How I Took My Long-Term Relationship Beyond College
I vowed when I was thirteen that I would never follow a man anywhere. I vowed when I was fifteen that I wouldn’t date anyone seriously until after my career was well underway. So it was with a sinking feeling that I realized when I was seventeen that I’d met the love of my life. Now, it’s five years later, and I’m faced with the exact conundrum I tried to warn myself about. How do I stay in a committed relationship while launching a brand-new career across the country?
I had my life’s trajectory mapped out by my senior year of high school. I would graduate college and live around the world for a few years, unattached, in New York and Paris and Reykjavik and Dubai. And yet, by the time I was in my second year of college, I was wondering if getting married young would really be so bad.
I put a pin in that dilemma, but when I graduated college, I had a decision to make. I could follow the man of my dreams, or I could pursue my own. It was while considering this that I realized how backward the expectations I held for myself were. I assumed that if we stayed together, I would have to follow him. I assumed that I would have to choose between starting the career I wanted and keeping my relationship.
This isn’t a breakup story, and I didn’t give up on my dreams. I’m living in New York City. He’s living in Michigan. I just finished a graduate program at NYU. He’s applying to grad schools, none of which are in New York. We’re together, but we’re apart. We’re happy.
When I talk to my friends, so many of them are worried about the now-cliché problem that fueled my recent dilemma: how to “have it all.” Women who are nowhere near ready to have children are stressing about how to balance daycare schedules with the demands of jobs they don’t even have yet, all because society tells us that’s what we need to worry about. It’s that same pressure that made me try to schedule my future love life at age fifteen.
Choosing a long-distance relationship led me to a simple conclusion: The entire concept of “having it all” should just be thrown out. Stop talking about it. Stop thinking about it. Start thinking about what you need instead. This is the year that I stopped having a plan, and it’s been the most liberating year of my life. I chose to pursue my passion, and I chose to stay in love while doing so. I chose to stop worrying about whether I was setting myself up to have it all, and just did what I needed to do.

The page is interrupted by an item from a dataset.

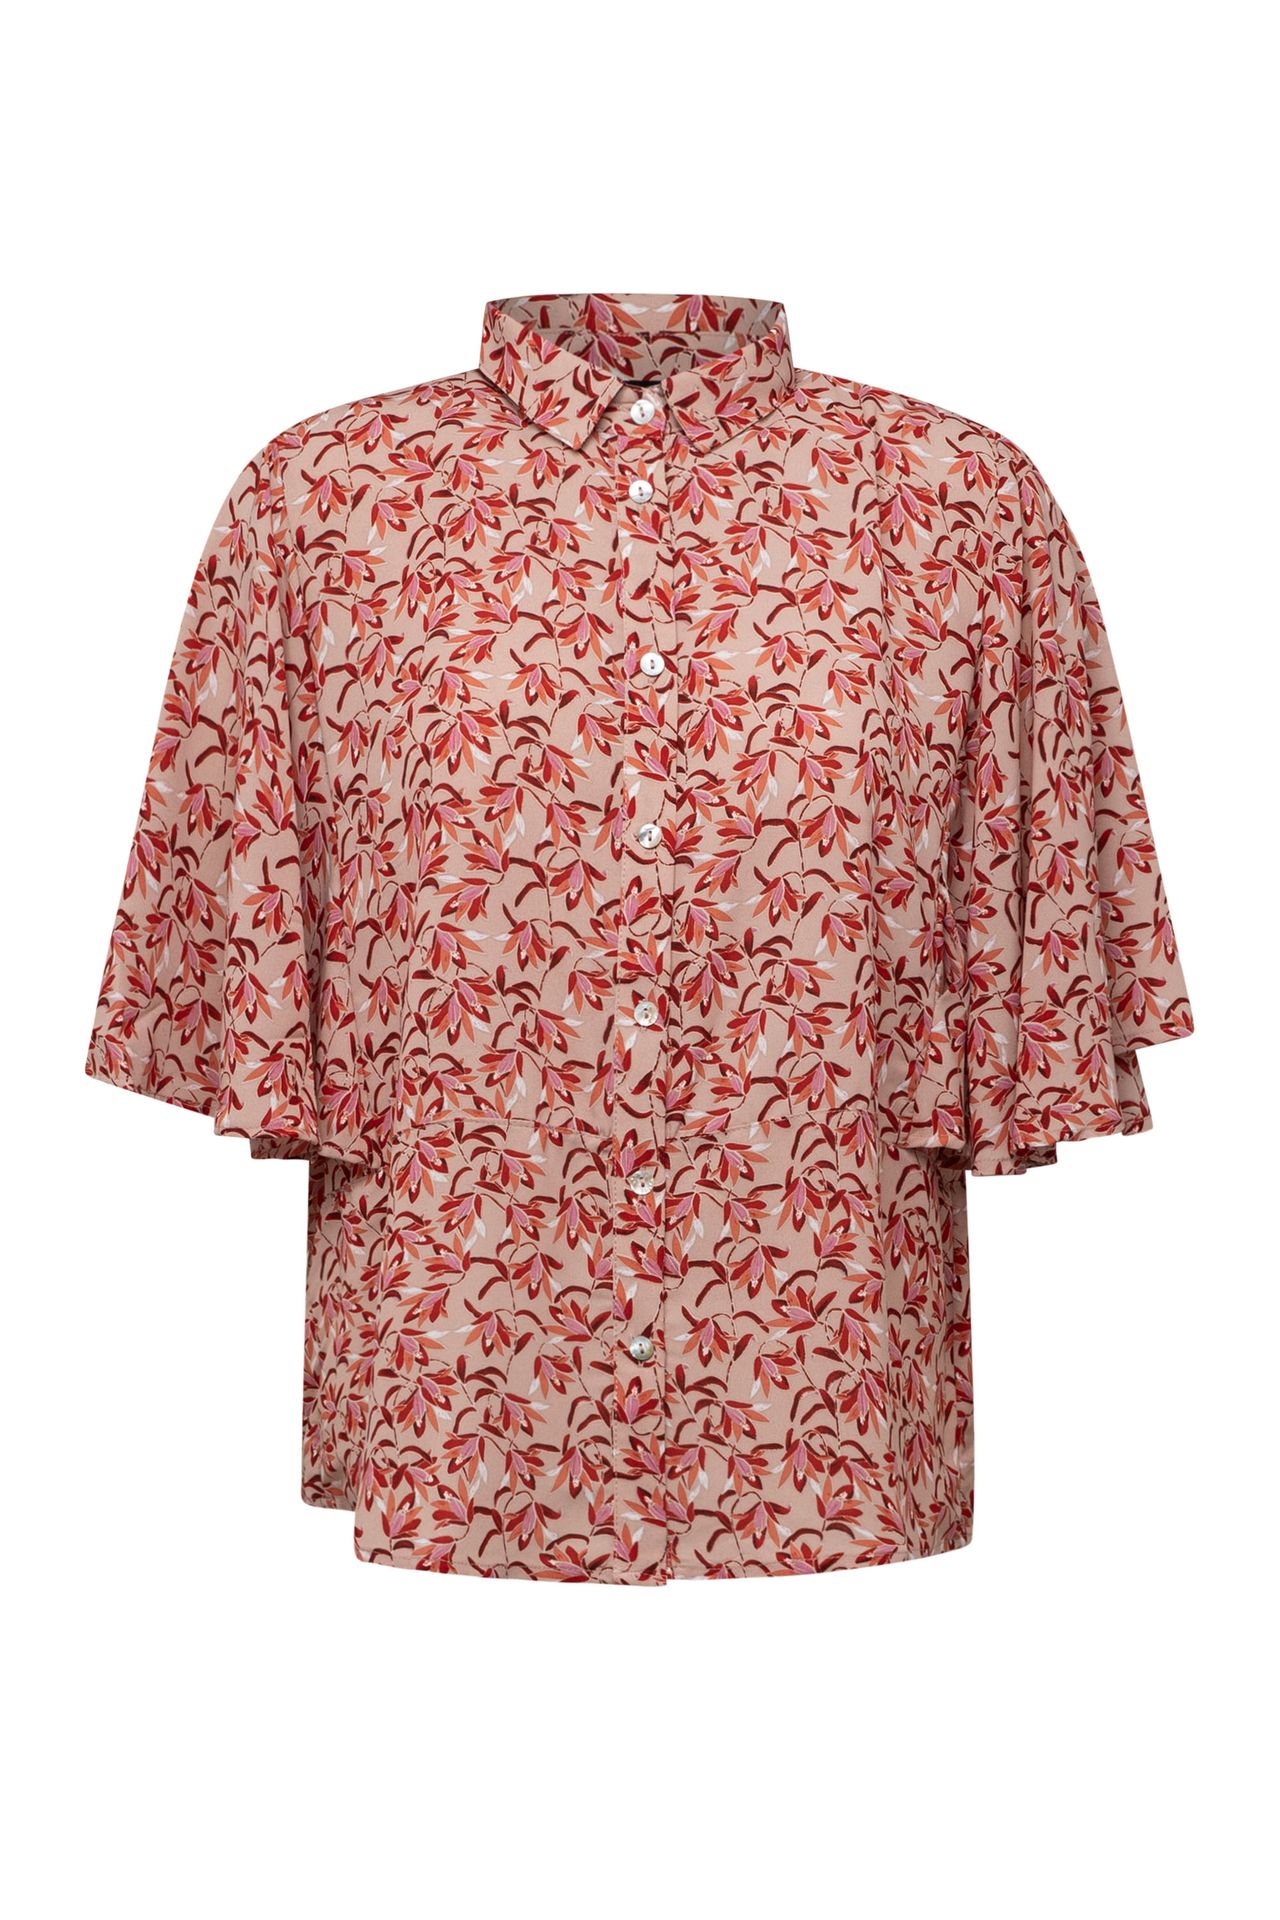 Norah Roze blouse met vlindermouwen rose multicolor 213932-910

This is not to say that maintaining a long-distance relationship while figuring out a fledgling career in a strange city isn’t hard. Every day I remind myself of what matters. I remind myself of his smile, his eyes, all the little gestures and unspoken communications I’m looking forward to when we’re together again. I send postcards sometimes, but more often I send videos on Snapchat of pigeons that scare me in the park. When something about my day goes wrong—when my computer fails right before a deadline, or my train gets delayed by an hour—I still fall asleep with the knowledge that he’s out there, thinking about me.
That’s when I know I made the right choice. I can have a meaningful long-distance relationship and an exciting career and no defined plan for how it’s all going to work out, and that’s okay. What matters is that I am happy, here and now. It isn’t important that he and I took this leap without knowing what’s at the bottom—what matters is that we jumped together.